But Jacquard was not destined to become an outstanding inventor in bookbinding or printing. Soon, his parents die, and he inherits looms and a small piece of land. As a result of several unsuccessful business projects, Joseph loses most of his father’s inheritance, but at the same time he is fond of the engineering problem of improving the loom.
   Despite the rapid development of weaving in France, the possibilities themselves looms were very limited. Monochrome fabrics or colored stripes were produced in droves. Fabrics with embroidered patterns were still made by hand. Jacquard wanted to improve the loom so that it was possible to make patterned fabrics in an industrial way.

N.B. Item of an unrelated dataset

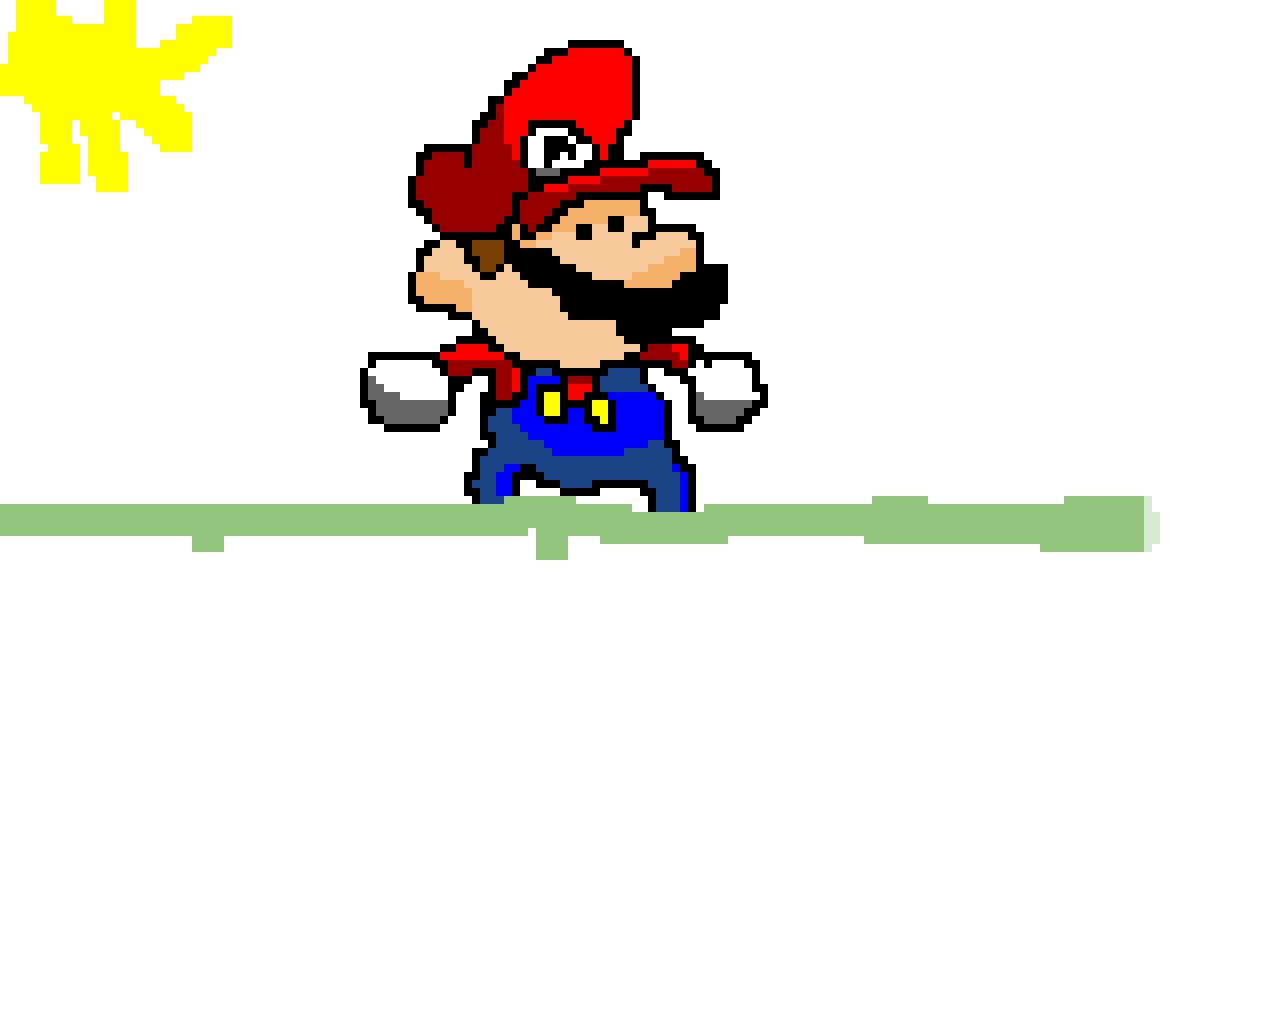 speed runner mario edited also props to the creator for reals its a good drawing

   By 1790, Jacquard created a prototype of the machine, but active participation in revolutionary events in France did not allow him to continue working on improving his invention. After the revolution, Jacquard continued his design searches in a different direction. He invented a machine for weaving nets and in 1801 he took him to an exhibition in Paris. There, he saw Jacques de Vaucanson's loom, which back in 1745 used a perforated roll of paper to control the weaving of threads. What he saw prompted Jacquard to a brilliant idea, which he successfully used in his loom.
   To manage each thread individually, Jacquard came up with a punched card and an ingenious mechanism for reading information from it. This made it possible to weave fabrics with patterns predefined on the punch card. In 1804, the invention of Jacquard received a gold medal at the Paris exhibition, and he was granted a corresponding patent. The final industrial version of the jacquard machine was ready by 1807.
   In 1808, Napoleon I awarded Jacquard a prize of 3,000 francs and a right to a prize of 50 francs each operating in France machine of its design. By 1812, more than ten thousand jacquard looms worked in France. In 1819, Jacquard received the Cross of the Legion of Honor.
   Joseph Marie Jacquard died in 1834 at the age of 82. In Lyon in 1840, a monument was erected to him. The Jacquard loom allowed not only industrial weaving of fabrics with complex patterns (jacquard), but also became the prototype of modern automatic looms.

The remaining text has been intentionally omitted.